3. Initialize dp[2*k+1] with -∞ for buy states and 0 for the rest.

4. Iterate through prices and update dp[j] for all transactions.

🕒 Time and Auxiliary Space Complexity

• Expected Time Complexity: O(K × N), since we iterate over prices[] for each transaction.

• Expected Auxiliary Space Complexity: O(2K), since we only use a dp[] array of size 2K + 1.

📝 Solution Code

Code (C++)

class Solution {
  public:
    int maxProfit(vector<int>& prices, int k) {
        int n = prices.size();
        if (n == 0 || k == 0) return 0;
        if (2 * k >= n) {
            int profit = 0;
            for (int i = 1; i < n; i++)
                profit += max(0, prices[i] - prices[i - 1]);
            return profit;
        }
        vector<int> dp(2 * k + 1, INT_MIN);
        dp[0] = 0;
        for (int price : prices)
            for (int j = 1; j <= 2 * k; j++)
                dp[j] = j % 2 ? max(dp[j], dp[j - 1] - price) : max(dp[j], dp[j - 1] + price);
        return dp[2 * k];
    }
};

⚡ Alternative Approaches

2️⃣ Dynamic Programming (O(K×N) Time, O(K×N) Space) — 2D DP

Algorithm Steps:

1. Use a 2D DP table, where dp[i][j] represents the maximum profit at day j with at most i transactions.

2. Base Case:

   • dp[0][j] = 0 (No transactions, no profit).
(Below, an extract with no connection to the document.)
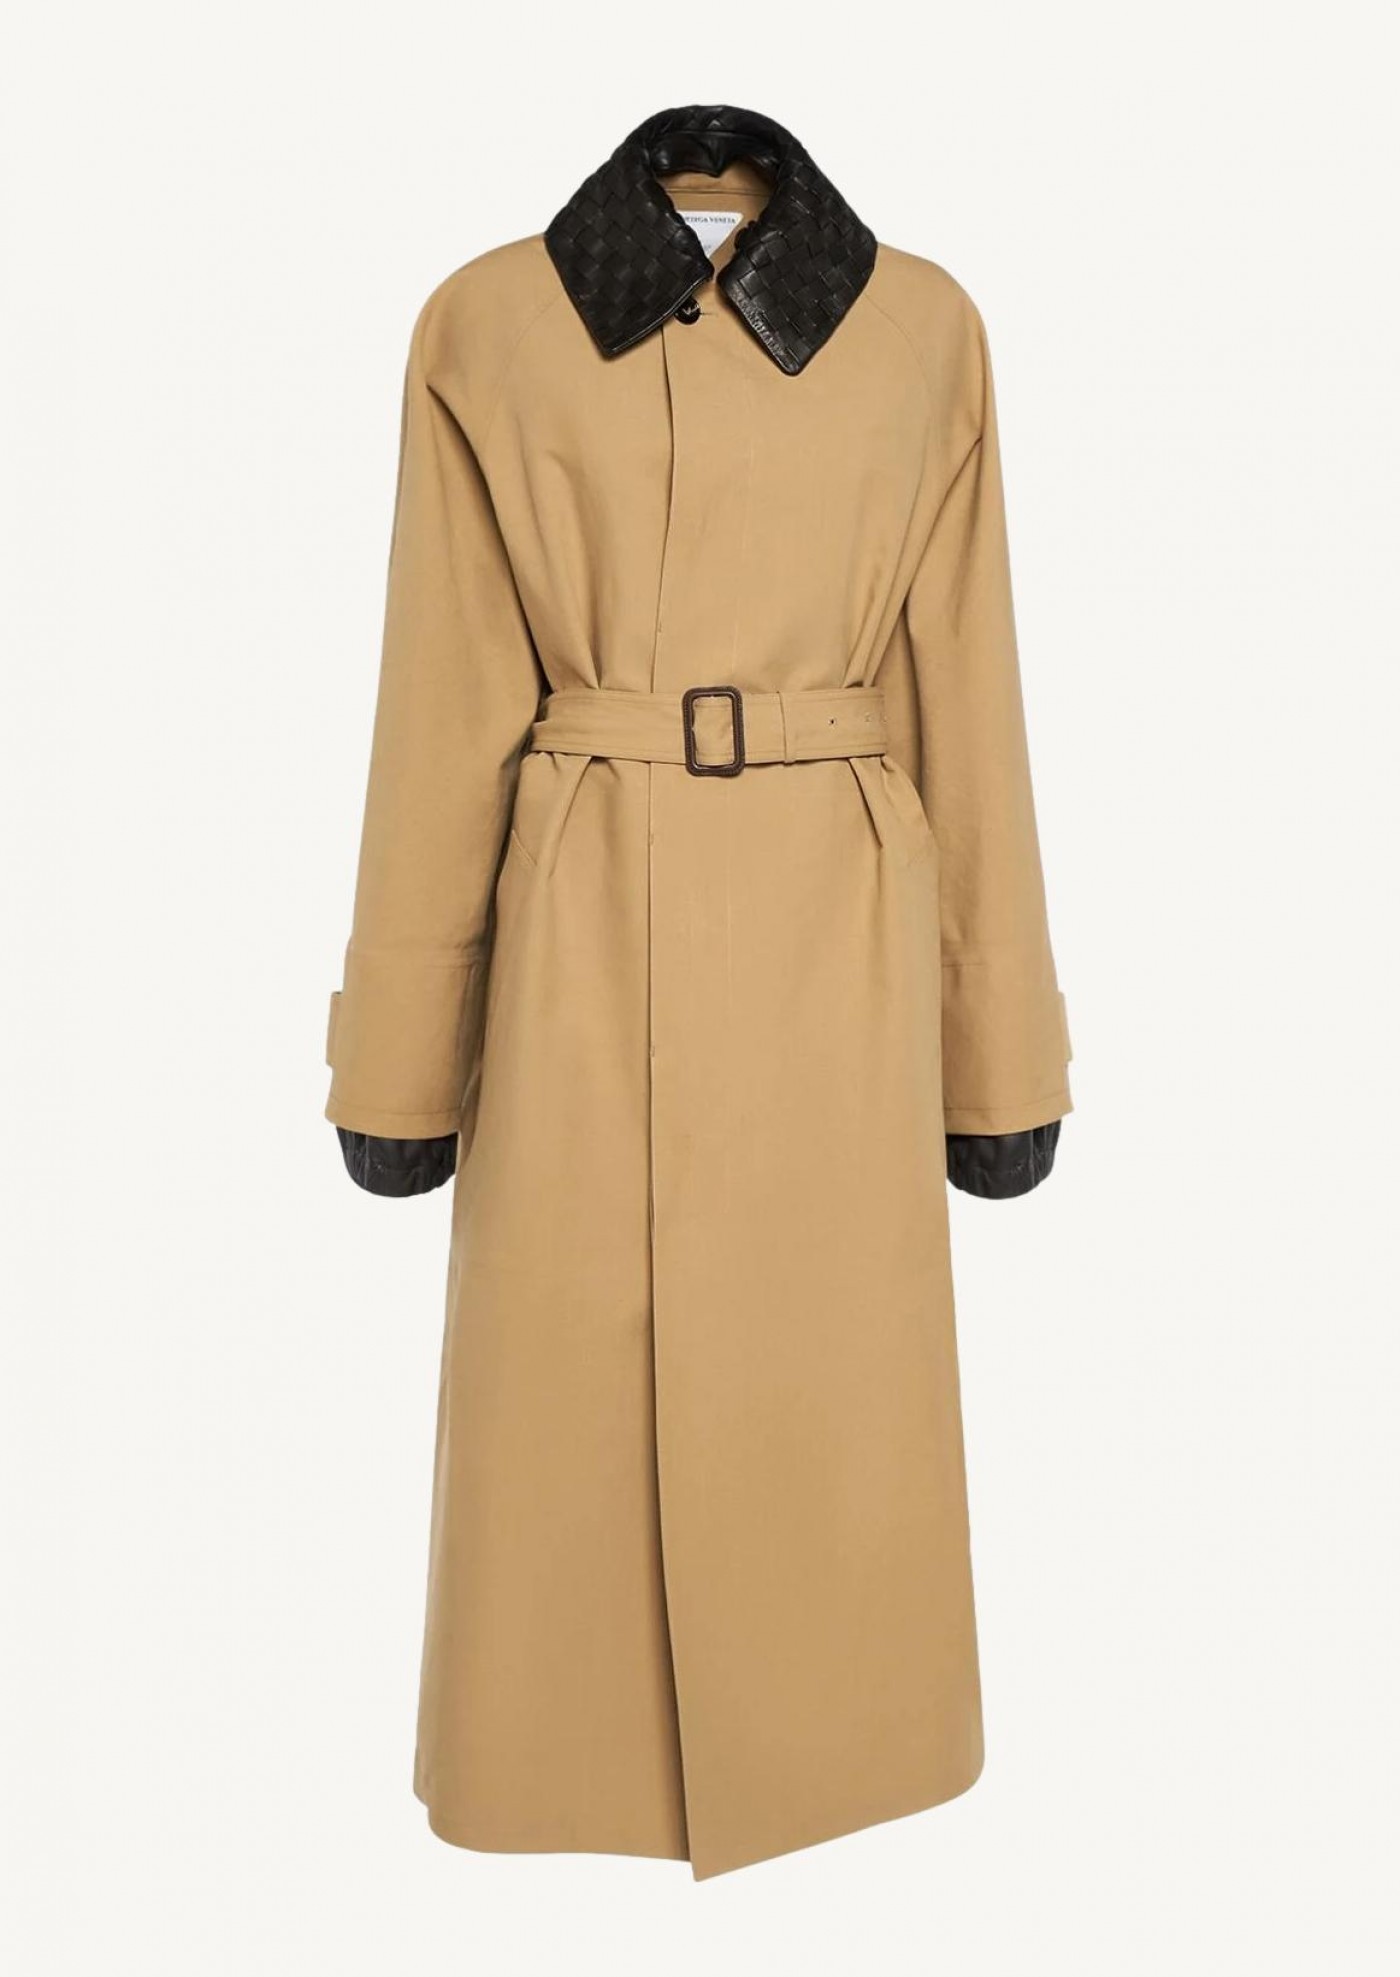 Waterproof stretch cotton trench coat

   • dp[i][0] = 0 (At day 0, profit is zero).

3. Recurrence Relation: $[ dp[i][j] = \max(dp[i][j-1], prices[j] + \max(dp[i-1][p] - prices[p]) \quad \text{for } 0 \leq p < j ]$

   • dp[i][j-1]: No transaction on day j.

   • prices[j] + max(dp[i-1][p] - prices[p]): Buy at some p, sell at j.

class Solution {
  public:
    int maxProfit(vector<int>& prices, int k) {
        int n = prices.size();
        if (n == 0 || k == 0) return 0;
        vector<vector<int>> dp(k + 1, vector<int>(n, 0));
        for (int i = 1; i <= k; i++) {
            int maxDiff = -prices[0];
            for (int j = 1; j < n; j++) {
                dp[i][j] = max(dp[i][j - 1], prices[j] + maxDiff);
                maxDiff = max(maxDiff, dp[i - 1][j] - prices[j]);
            }
        }
        return dp[k][n - 1];
    }
};

✅ Time Complexity: O(K × N) ✅ Space Complexity: O(K × N)

3️⃣ Recursive + Memoization (O(K×N) Time, O(K×N) Space)

Algorithm Steps:

1. Define a recursive function solve(i, t, holding), where:

   • i is the current index (day).

   • t is the number of transactions left.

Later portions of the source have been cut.